There is, AFAIK, no mechanism in linux to publish an apt-gettable package beyond asking the distro maintainers nicely to add it to the distro, or creating your own repository that people can add to sources.txt.
ah, but that is exactly how you do it with apt. my admin skills are quite rusty but back in the day I would find and pull packages from all over using different package managers and pretty much all of them worked that way. [edit] https://wiki.debian.org/HowToSetupADebianRepository [old] http://www.linux-mag.com/id/5006/

Now, that said.... don't do that, well, it's fine to build the system that way but all my experience tells me that just lead right back to fragmentation or hidden packages. With linux, the reason you see these other repositories is mainly because of the compatibility issues. with a language you don't have that issue... therefore you get lib.haxe.org or cpan.org both of which are available from the command line and a browseable/searchable webpage. or even https://atom.io/packages which is searchable and browseable from right inside the atom ide. MS visual studio the same. This package publication / notification I think is one of the most critical elements for adoption.

oh, lets not overlook how much the app stores for iphone and android enhanced those eco systems.

as mentioned by DruggedBunny, most of the managers (pretty much all the OS managers) also handle dependency. but start small. :)

Maybe we can find something that already exists...? I'll look.
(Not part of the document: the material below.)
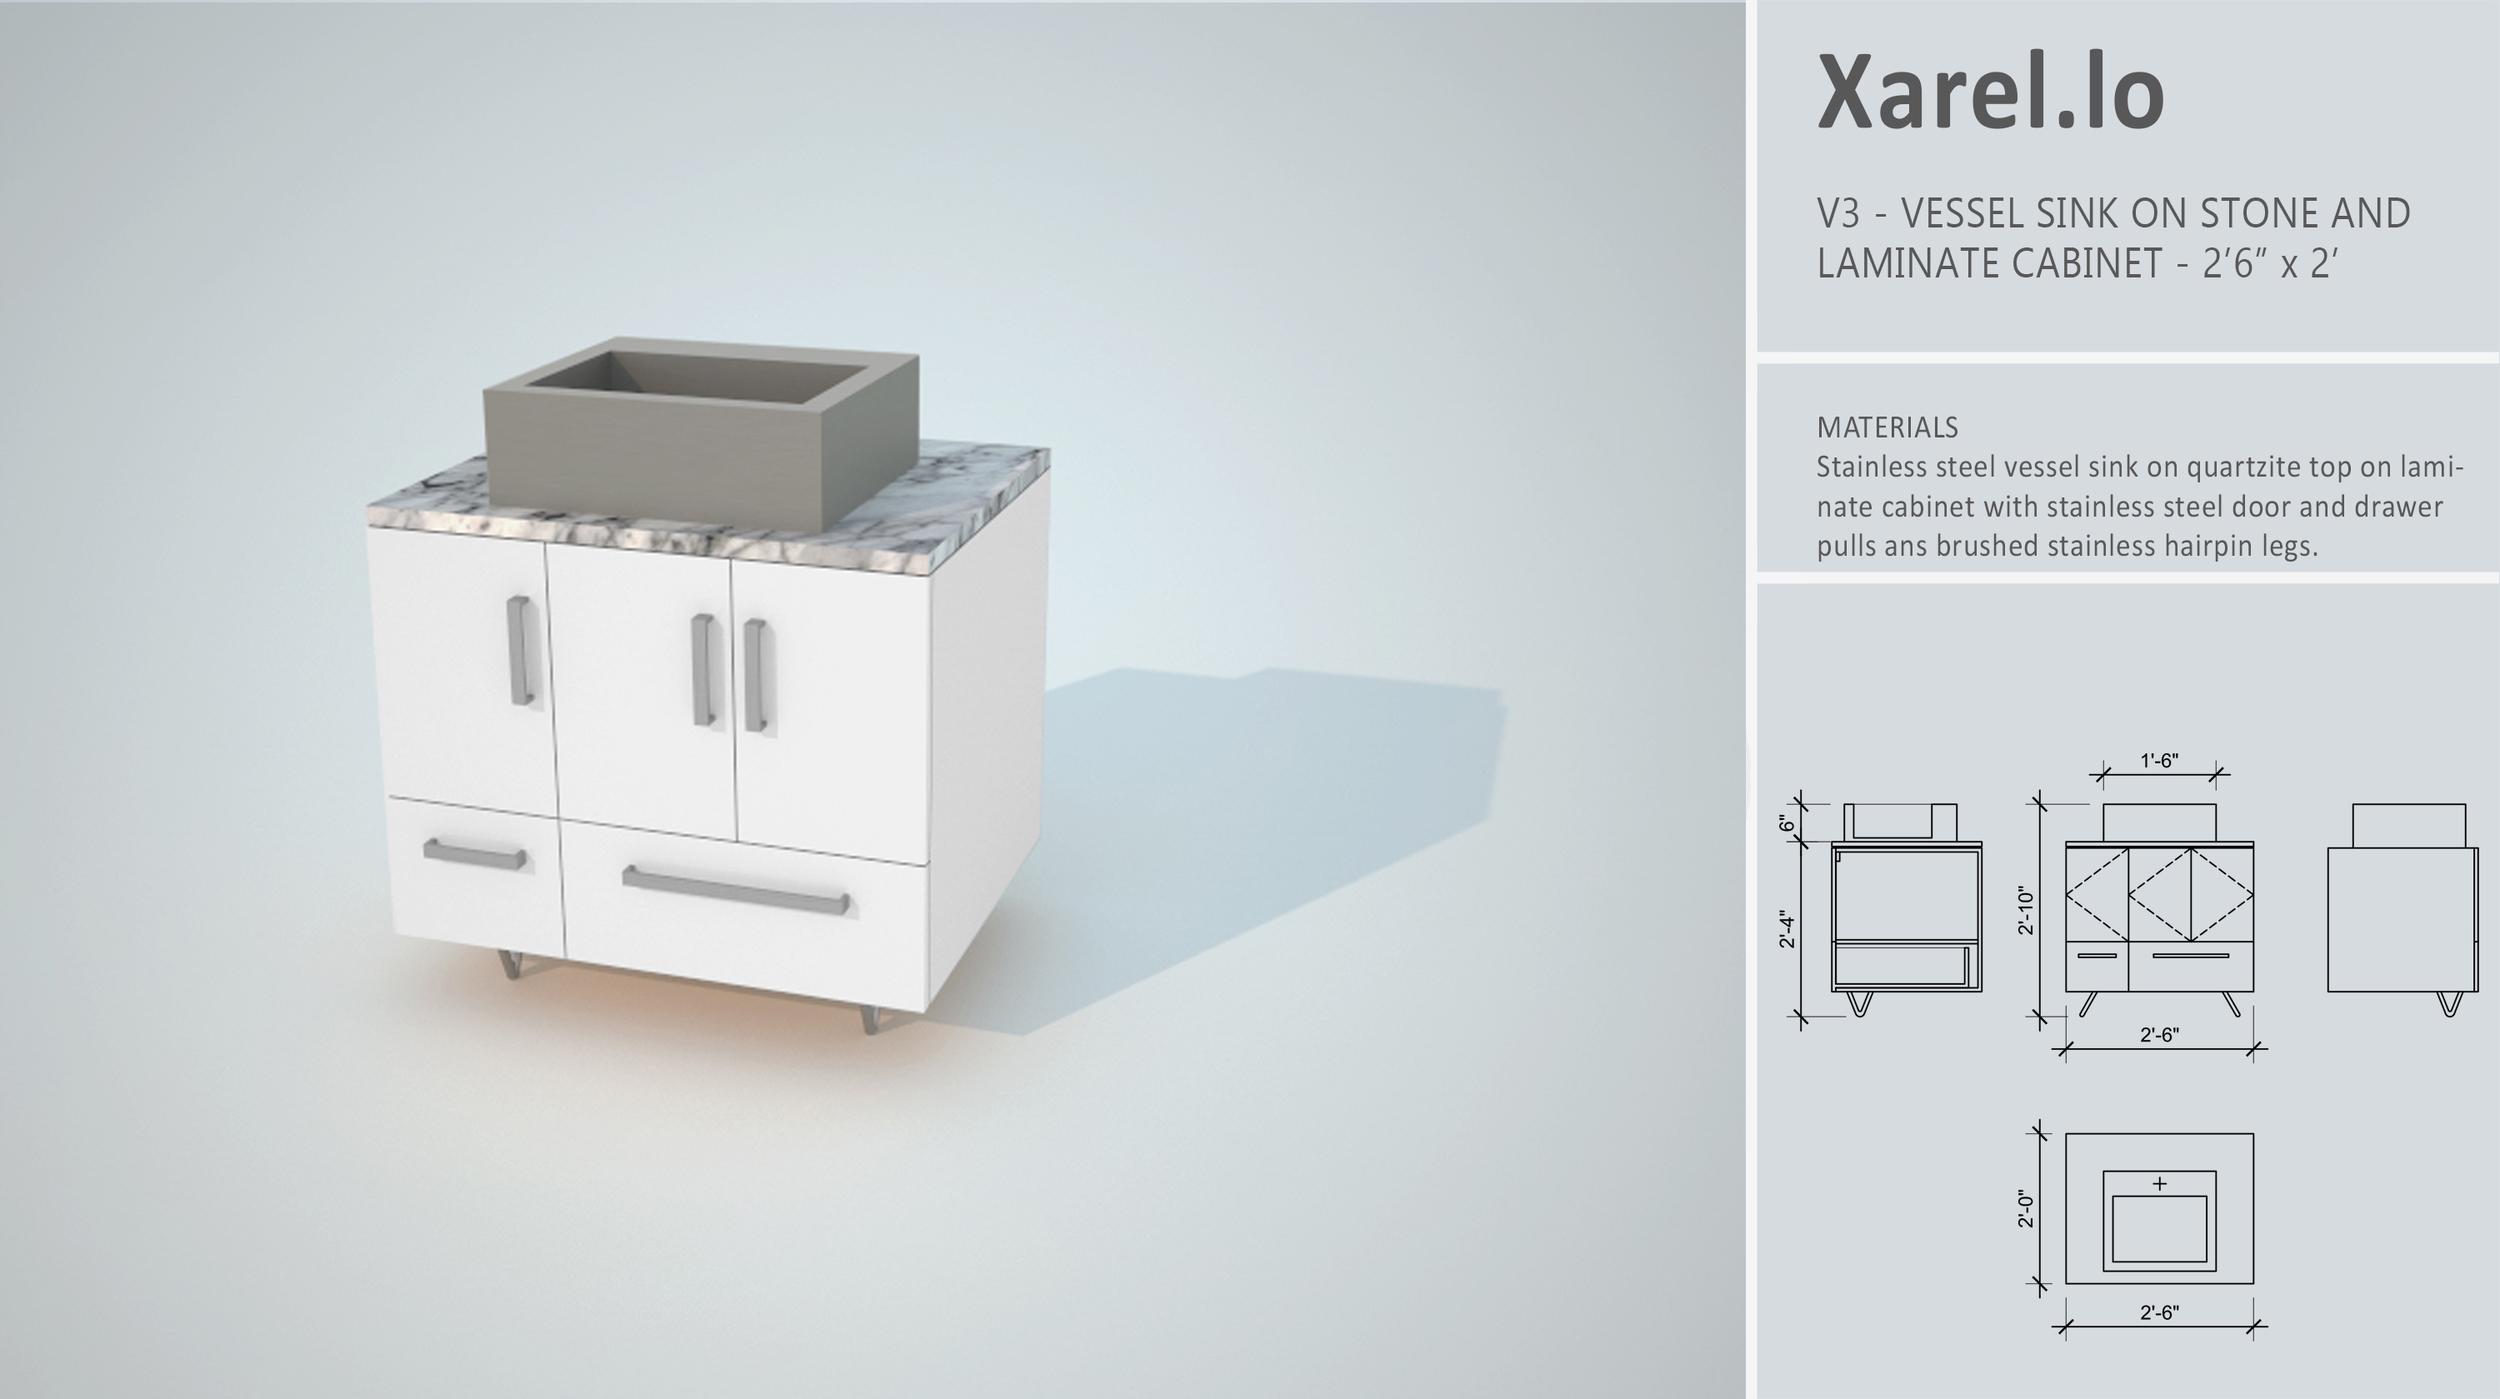 TECHNICAL SHEET VANITY V3 -XAREL.LO.jpg

Zer0]{elvin(Posted 2016) [#26]
I think losing the association with Blitz is probably hurting. I know some people who have heard of Blitz Basic and have no idea what Monkey is or that it comes from the same place. I've always wondered, why not something like "BlitzMonkey"?


Gerry Quinn(Posted 2016) [#27]
In retrospect, maybe a good compromise would have been to brand Monkey extensively with the Blitz name from the start (as in "Blitz has evolved", etc.). That way even if there was no official branding, it would be sticky enough that the association was clear in searches etc. Probably a bit late for that now. I guess Mark wanted to make a clean break - but Blitz has a good name in the indie development community who would be the ones buying the product.